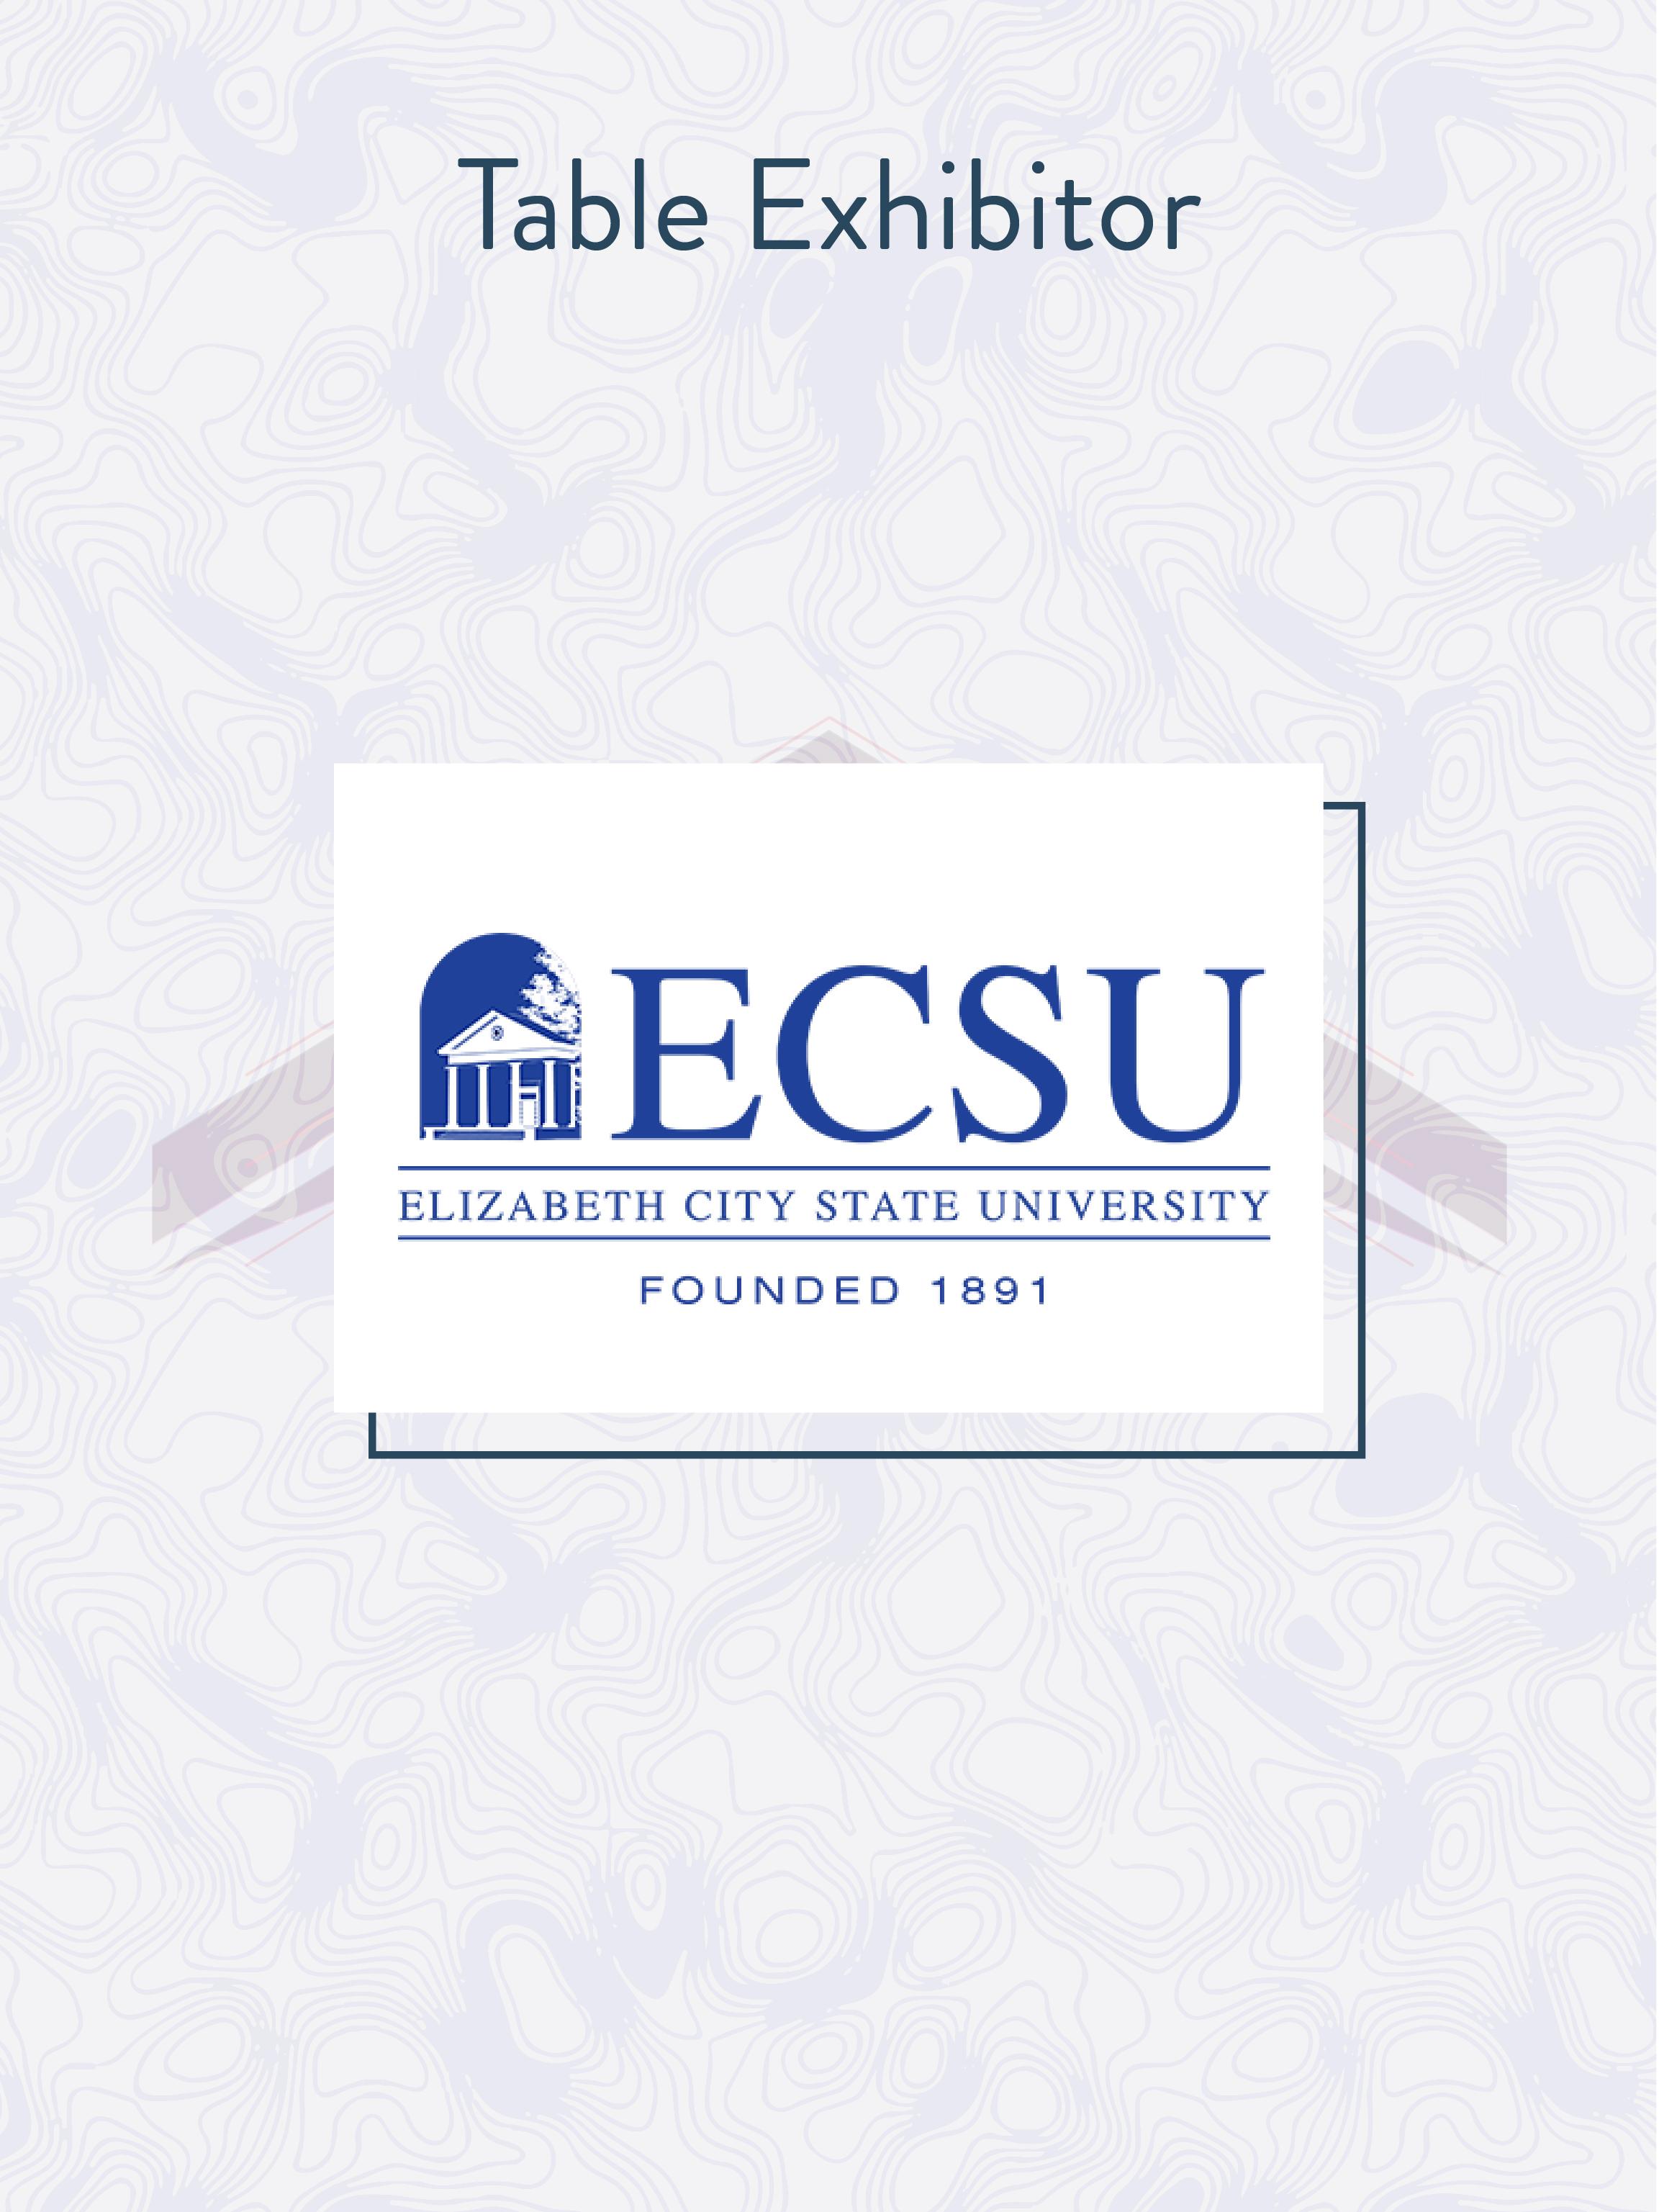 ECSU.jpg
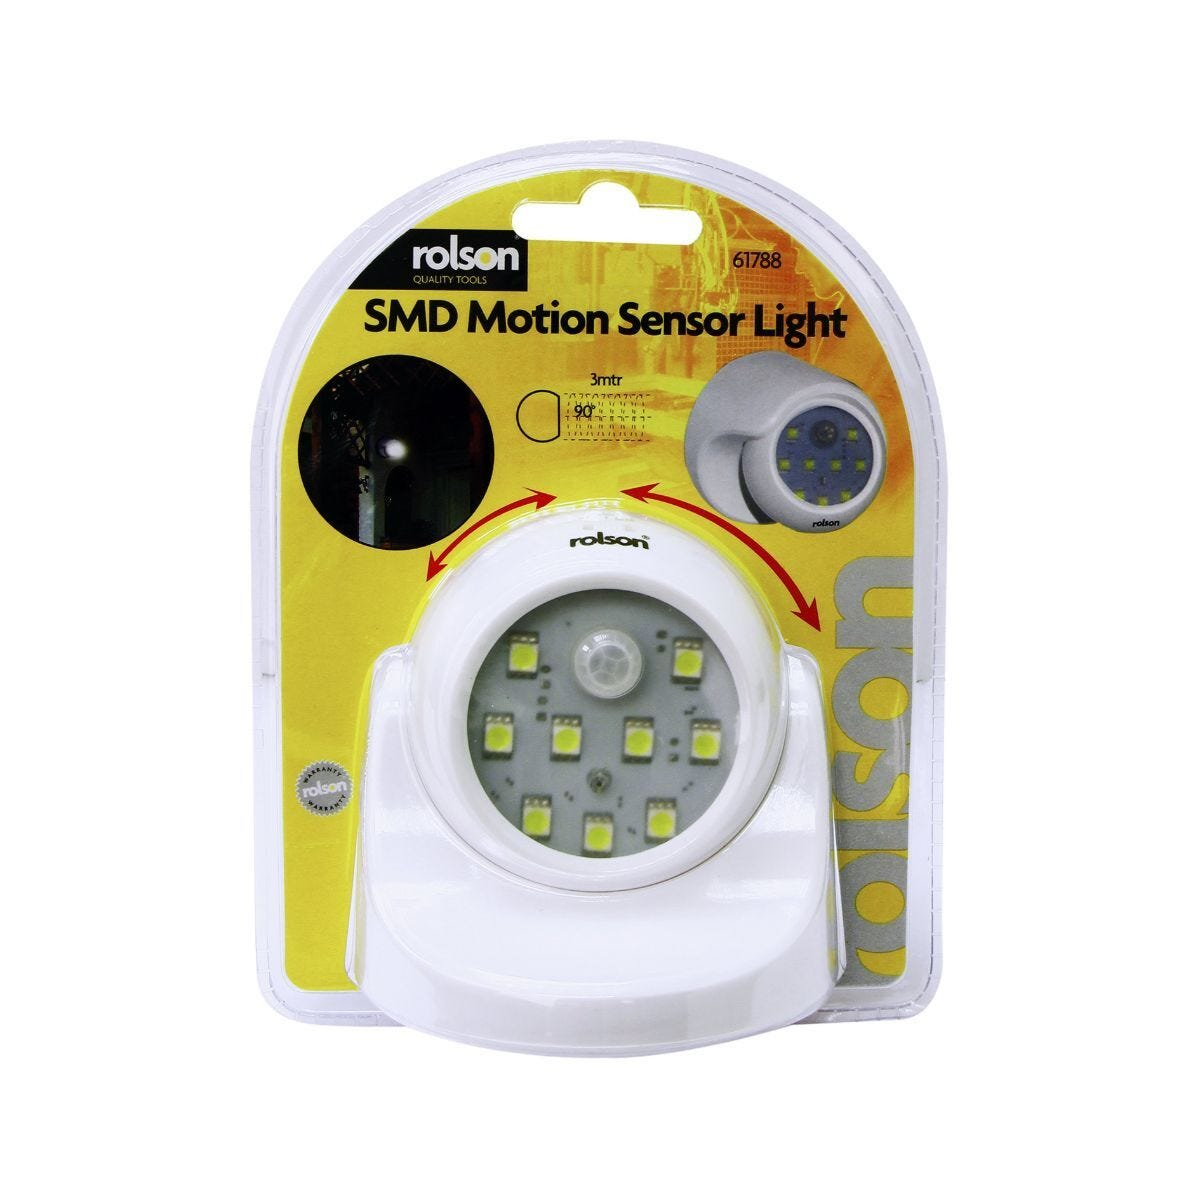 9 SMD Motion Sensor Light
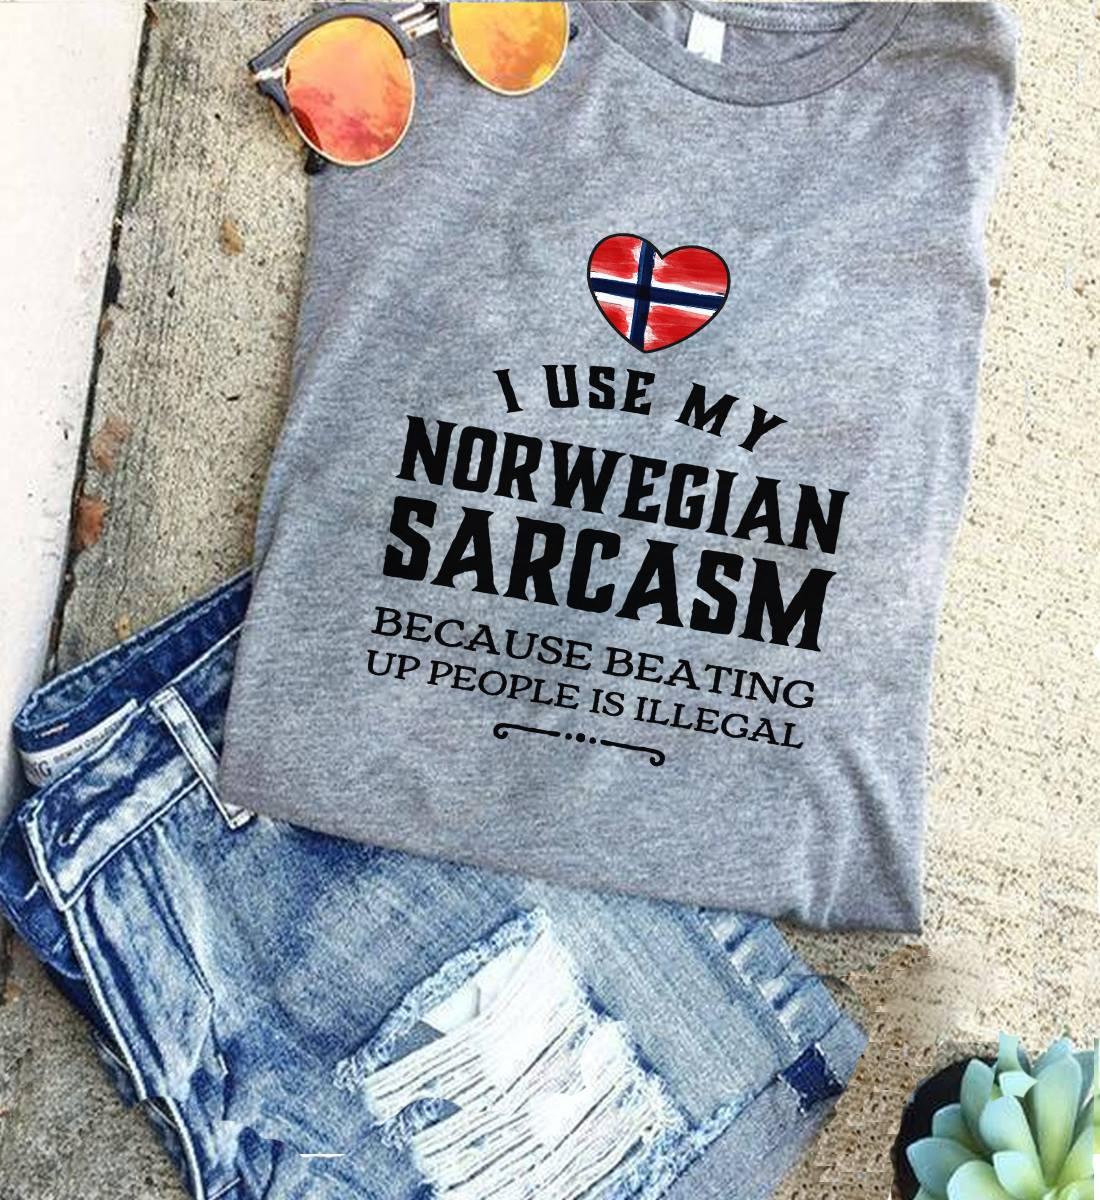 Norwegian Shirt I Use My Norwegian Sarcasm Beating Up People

▶ [TASK DESCRIPTION]: The answer is the full listing above, repeated exactly, with its pictures removed.

▶ [EXERCISE RESULT]:
 ECSU.jpg
 9 SMD Motion Sensor Light
 Norwegian Shirt I Use My Norwegian Sarcasm Beating Up People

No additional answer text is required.